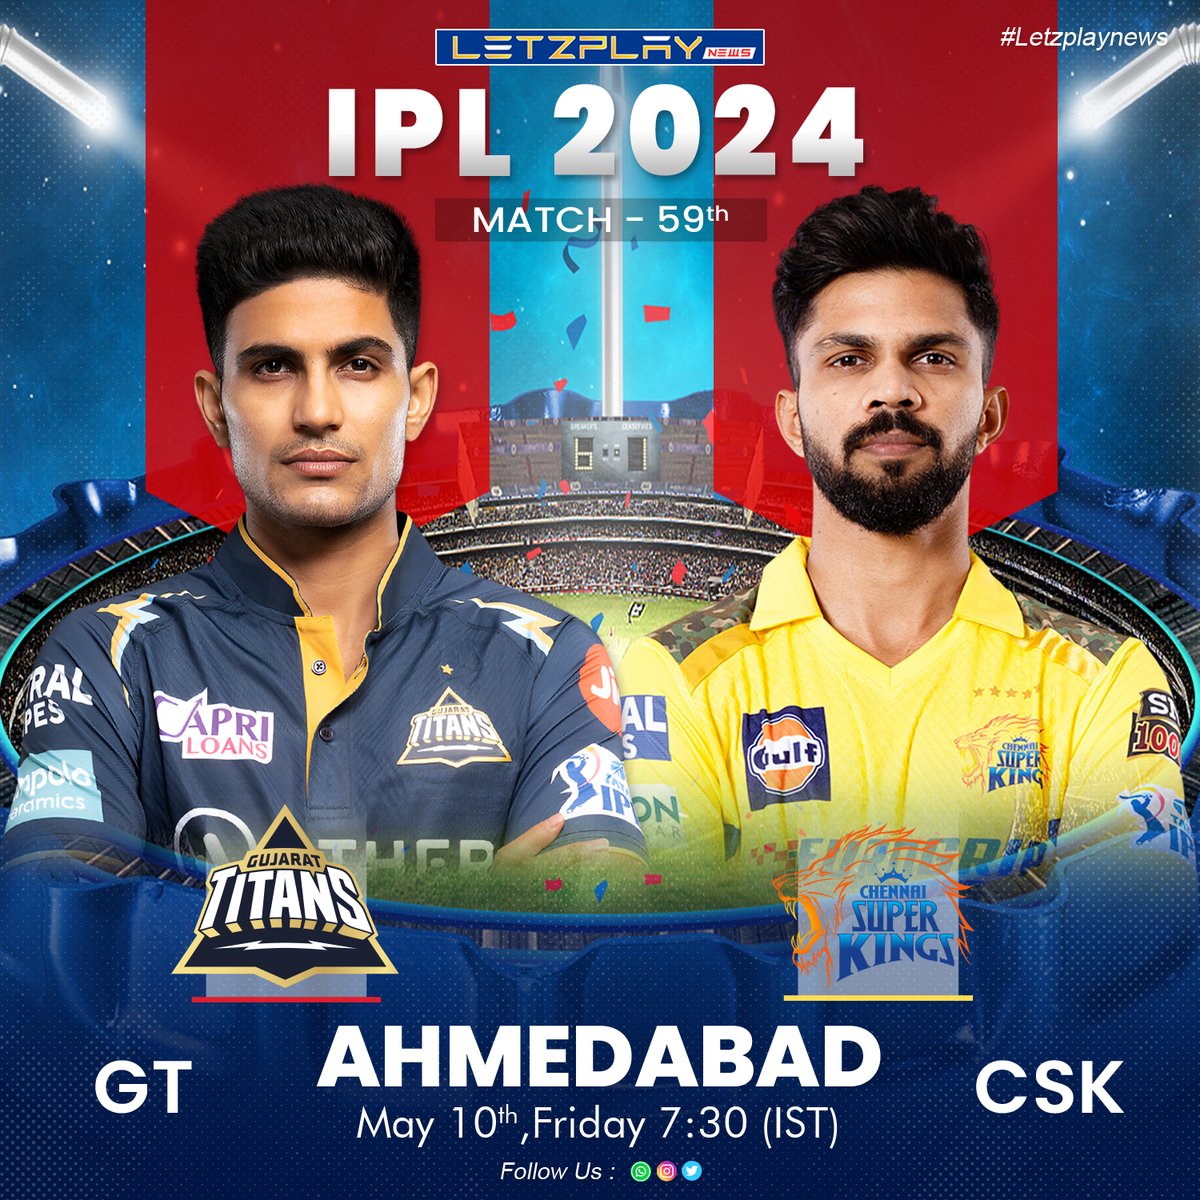 🏏 Get ready for an epic showdown in Ahmedabad as Gujarat Titans take on Chennai Super Kings in IPL 2024! 🌟 

Action kicks off at 7:30 PM IST! Don't miss the excitement! 🔥 
.
.
.
.
#GTvsCSK #IPL2024 #iplupdate #sports #news #cricketer #livematch #CricketFever #AhmedabadClash
================
**Problem statement:** Please transcribe exactly the line containing "Action kicks off" and every line after it to the end of the data, and no other lines.

**Exercise answer:**
Action kicks off at 7:30 PM IST! Don't miss the excitement! 🔥 
.
.
.
.
#GTvsCSK #IPL2024 #iplupdate #sports #news #cricketer #livematch #CricketFever #AhmedabadClash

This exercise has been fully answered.